The equipment contain two pairs of FETs (IRFP360) and Diodes (MUR3040PT) and is conservatively rated for 10A continuous FET current.  The uncommitted drain, source, anode and cathode terminals are available to the user via front panel mounted multi-way binding posts.  The gate drive for each FET is independently isolated, allowing each FET to be used in either a high-side or low-side application.

Control power for the FET Control Box is either 120 Vac, 60Hz supplied through a standard IEC style ac inlet with integrated fuse, or 12-19 Vdc supplied via a 0.100" coaxial barrel connector.  A line frequency transformer provides galvanic isolation and control inputs are earth ground referenced for safety.  A high frequency flyback power supply provides independently isolated voltages for the each FET gate drive.

The control circuit provides the user with direct frequency and duty ratio control of a PWM process via front-panel mounted knobs.  Additionally, front-panel mounted BNC jacks allow the user to override these controls with either a switching function (square pulse train) via q(t) or a duty ratio modulating signal on D(t).  The D(t) input is inverted allowing for implementation of a negative feedback control loop.

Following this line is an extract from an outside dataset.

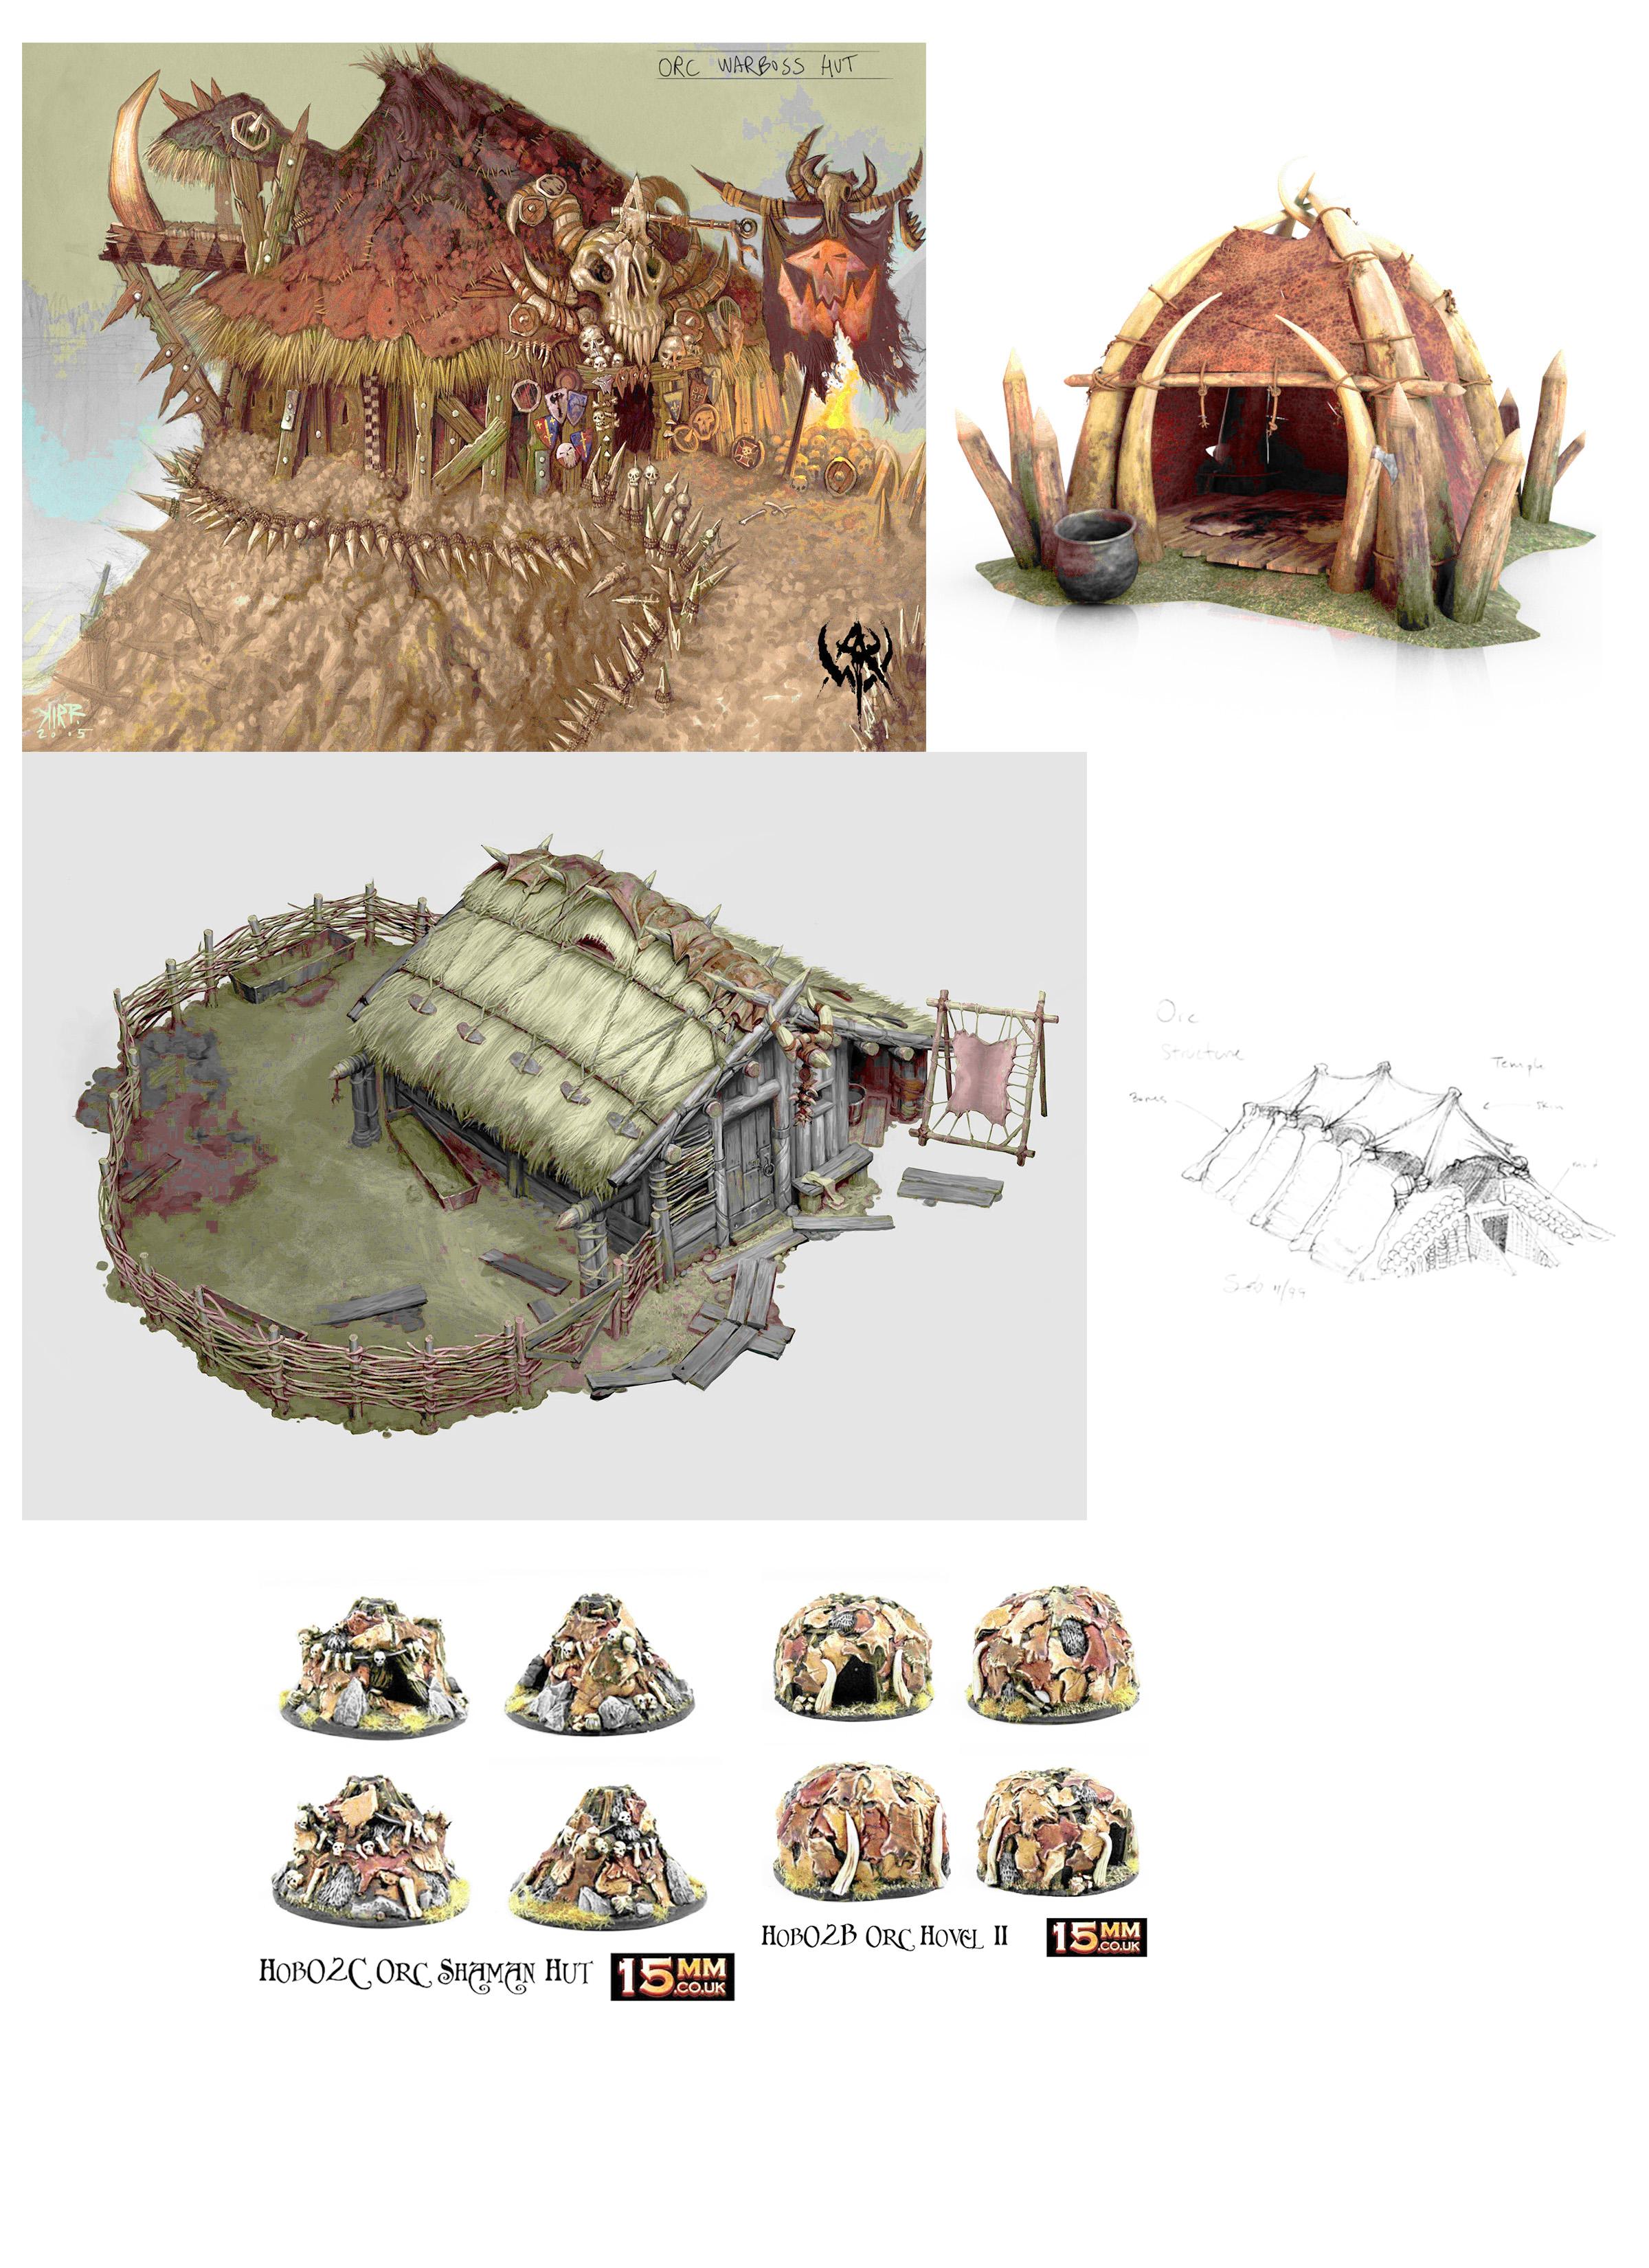 orc huts.jpg

A front-panel mounted mode switch selects the way that the two FETs are switched:

These three control modes allow one of many dc-dc, dc-ac, and ac-ac converter topologies with one or two controlled switches to be realized.  Additionally, the q(t) BNC connectors allow multiple FET Control Boxes to be ganged together in Master / Slave arraignment to realize four switch converter topologies such as a full bridge dc-ac inverter or a universal frequency changer ac-ac converter.

DESIGN DETAILS:

Complete design data is available.  Schematic and board layout was performed using the OrCAD suite from Cadence, PSD 14.0.  Mechanical design was done in Microsoft Viso 2000.  The design documentation is available in PDF format on this webpage.  The estimated material cost of each box is $340.  Most components were obtained through Newark or Allied, or when possible directly from stock in ECE Stores.  Custom boxes with silkscreening came direct from Hammond.  Heat sinks are custom from Aavid Thermalloy with machining done by the ECE Machine Shop.  The bulk of the PCB and final assembly was performed by the Electronics Shop.